Но есть еще одна онтолого-гносеологическая проблема – что же на самом деле человек видит и обнаруживает в мире сем? Если этот мир исторгается из его не вполне гармонической сути, то он может обнаруживать в нем лишь только то, что волевым образом произвел на свет, то есто то что произвела отнюдь не его креативная спонтанность, а его рационально-иррациональное своеволие. Он в состоянии обнаруживать в мире лишь то, что обычно называют произволением, произволом воли. Именно эту сторону отчужденного мира человек наглядно и воспринимает, но отнюдь не всю тотальность бытия, которая спонтанно исходит из его трансцендентной экзистенции на протяжении всей многоактной драмы жизни. Воля отторгает от человека жизненно важные пласты его внутреннего мира и объективирует их таким образом, что внешний мир становится все более объективным и отчужденным. При этом человек приучается воспринимать мир не как нечто отчужденное от него, а как изначально чуждое ему. Он начинает рассматривать мир как нечто само собой разумеющееся, имеющее свой собственный разум, имманентный объективным законам эволюции. Мир предстает перед ним как обладающий несравненно более высоким онтологический статусом нежели тот, который в предстоянии миру человек в состоянии себе насильственно присвоить. В конечном счете человек начинает верить, что произвол в его истории творит отнюдь не его собственная воля, а законы объективной необходимости. Человеком волющее начало собственной весьма дисгармоничной экзистенции начинает приписываться Предстоятелю. Человек начинает активно подчиняться своему собственному произволению, своему собственному произволу, тому произволу посредством которого мир уже не столько творится, сколько искажается, деформируется. При этом как бы в свое оправдание он неустанно повторяет «на все воля Божья».

Если еще глубже и радикальнее проводить параллель с драматическим произведением, то история есть не просто драма, это такая драма, каждое действие которой заканчивается трагедий, катастрофой. В своей работе “Антропологическая философия истории”[363] доктор философии из Кельна А.Игнатов соглашаясь со Шпенглером о том, что каждая эпоха имеет единый стиль, считает что с этой точки зрения доминирующими элементами ХХ столетия выступает катастрофа, синкоп, деструкция и сотрясение.

История отпавшего от Абсолюта человечества может рассматриваться как перманентная экзистенциальная катастрофа, в которой противодействуют метаистория и историцизм, гармония и порядок, сила и насилие, креативные способности и эволюционирующие потребности и проч.

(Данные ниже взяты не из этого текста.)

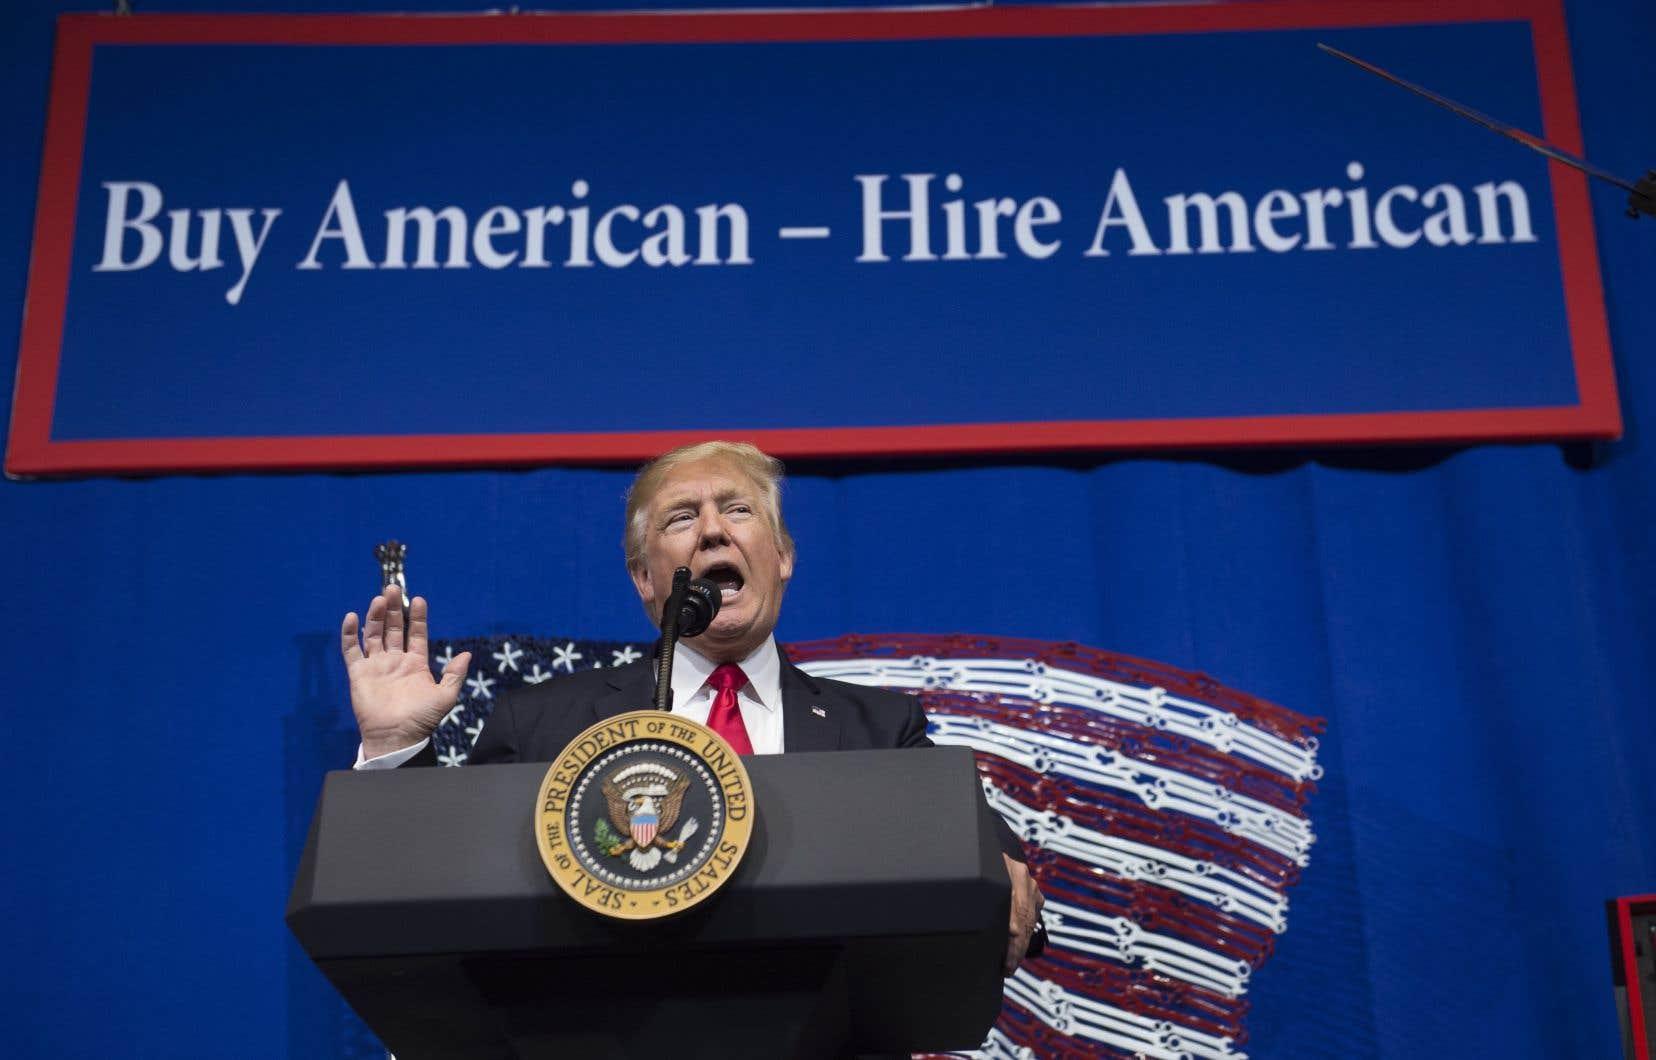 Les entreprises qui disent avoir déjà été touchées négativement «évoquent souvent la montée du protectionnisme américain» promu par le président Donald Trump.
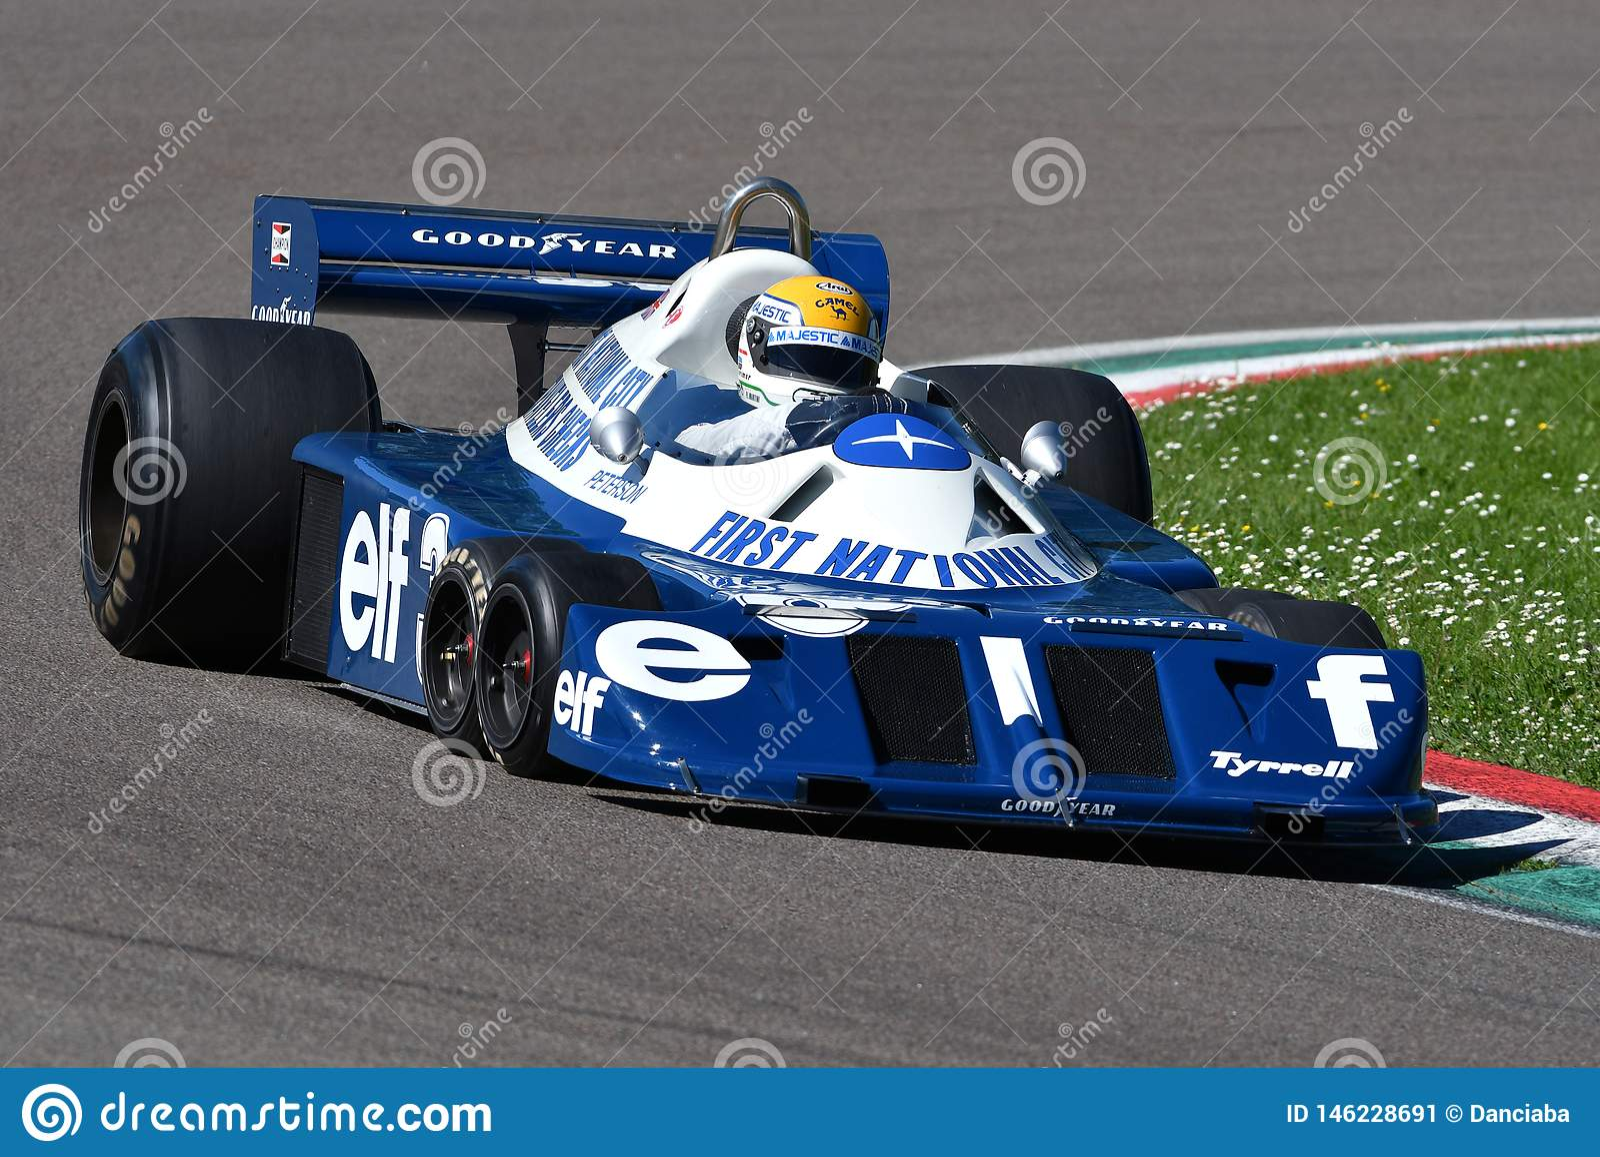 Imola, el 27 de abril de 2019: 1976 F1 hist?ricos Tyrrell P34 ex Ronnie Peterson conducido por Pierluigi Martini en la acci?n

Вся последовавшая за грехо-падением человека история связана не только со стремительной эволюцией его внешнего объективированного мира, но и столь же стремительной деградацией его мира внутреннего. Именно с этой кульминационной точки метаистории, история приобретает характер драмы, в которой как Рок, Фатум над человеческой экзистенцией нависает его собственное деперсонифицированное Зло, меняющее свои облики от одного исторического этапа к другому пока наконец-то не объявилось страждущему человечеству в обличии вожделенного Прогресса. Все то, чему человек поклоняется в мире внешнем, есть его собственная умноженная самоперсонификация, интенционально исходящая от самого внешнего, а потому и самого ложного его Я. “Под трагическим проклятием (в отличие от вызывающего сочувствие или же разрушаемого извне) мы понимаем, - писал Зиммель, - следующее: то, что направленные против данного существа силы разрушения возникают из глубин этого же самого существа; что с его уничтожением осуществляется судьба, заложенная в нем самом, и, так сказать, логическое его развитие именно и является той структурой, на которой существо выстраивало свою собственную положительную сторону”.[364] В древнегреческом мифе о железном веке на этот счет содержится пророчество: от века к веку, человек становится все более худшей копией первочеловека; к сожалению, это пророчество вполне подтверждается всем ходом плоской автоэволюции человека, утратившего способность творить мировую гармонию:

Сменяющие друг друга поколения

становятся все хуже и хуже.

Наступит время, когда они будут

такими злыми, что начнут поклоняться

силе и могуществу.

Сила тогда станет самооправданием,

а добро больше не будет в почете.

В конце концов, когда люди прекратят

возмущаться бесчинствами или

утратят чувство стыда при виде униженных

и несчастных, Зевс уничтожит их всех.

И все же этого можно избежать, если

простой народ способен подняться и

сбросить тиранов, которые его угнетают.

Естественно, под «тиранией», в контексте состояния современного исторического этапа, необходимо понимать не столько внешние персонифицированные силы, деструктивно воздействующие на внутренний мир человека, сколько «самотиранию» человека, наиболее отчетливо проявляющуюся в некрофильстве, странной любви ко всему неживому, искусственному.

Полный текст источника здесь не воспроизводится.